Por Modesto Lule MSP

Dentro del apostolado que realizamos los Misioneros Servidores de la Palabra con la revista Inquietud Nueva, recorremos varios estados del país. Conocemos muchas iglesias con sus sacristías. En una de ellas me encontré con un Cristo no muy común, ya que nunca lo había visto. Estaba un tanto escondido en un rincón de la sacristía, pero le pedí al sacristán me dejara tomarlo. Así lo hice y pude constatar que el crucificado no era Jesús, más bien era el llamado Buen Ladrón.

La tradición llama a este Buen Ladrón Dimas, y es Buen Ladrón porque supo robarse el Cielo en el momento más doloroso de su vida. «—Jesús, acuérdate de mí cuando comiences a reinar. Jesús le contestó: —Te aseguro que hoy estarás conmigo en el Paraíso.» (Lc.23, 42-43) Varias actitudes contribuyen a que Jesús le haya dado pase al Cielo directamente.
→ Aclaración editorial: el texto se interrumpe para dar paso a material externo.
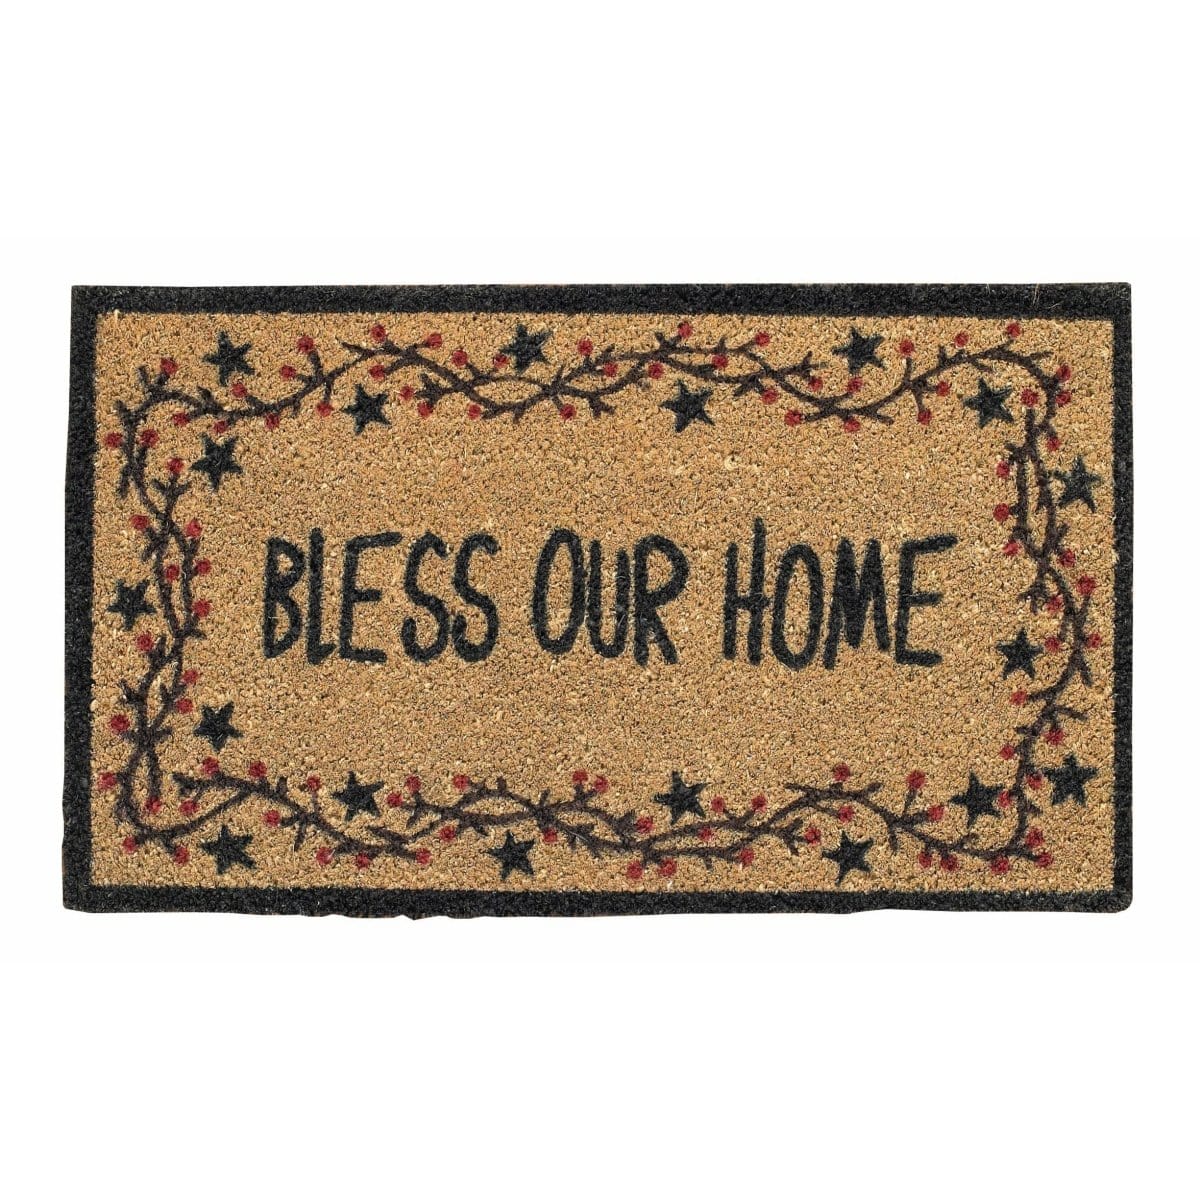 Star Vine Bless Our Home Coir Doormat-Park Designs-The Village Merchant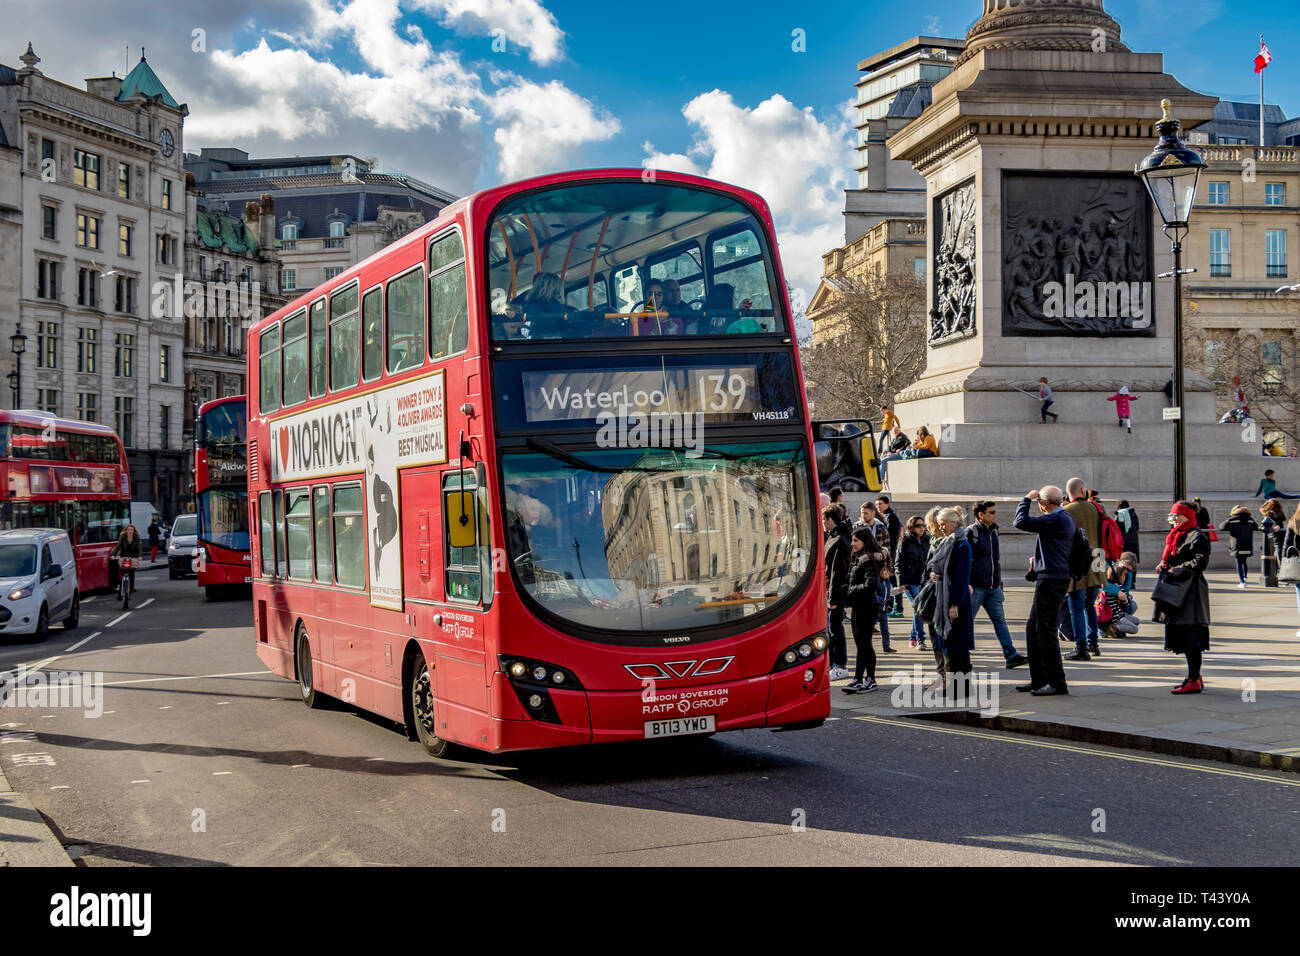 Ein Londoner Bus der Linie 139 fährt auf dem Weg nach Waterloo, London, Großbritannien, am Trafalgar Square vorbei Stockfoto

La primera: Dimas fue humilde, supo reconocer que se había equivocado en su vida pasada y sabía que lo que estaba sufriendo era algo que el mismo había propiciado. Segunda cosa: Dimas vivió su presente. No miro el pasado como una maldición, ni se aferró a un pasado. Vivía el presente. Era un ladrón que pagaba sus culpas en una cruz conforme al castigo de los romanos. Ese era su presente y lo quería vivir con Cristo, con nadie más.

No añoraba a su familia, ni sus bienes, ni pensaba en la gente que lo maldecía, ni en sus compañeros de robo. Pensaba en Cristo. Nosotros podemos cometer un error en nuestras vidas al vivir en el pasado o querer vivir en el futuro, sin vivir con toda intensidad el presente. Vivir del pasado o del futuro es vivir de fantasmas. Son cosas que están en la mente pero no están en el ahora.

Aprender del pasado, no vivir en el

Es verdad que el futuro puede ser más inmediato que el pasado, ya que el futuro depende del presente, pero aun así no deja de ser solamente algo que aún no es una realidad. El pasado es un imposible, porque es algo que ya no volverá a repetirse, ni se podrá modificar.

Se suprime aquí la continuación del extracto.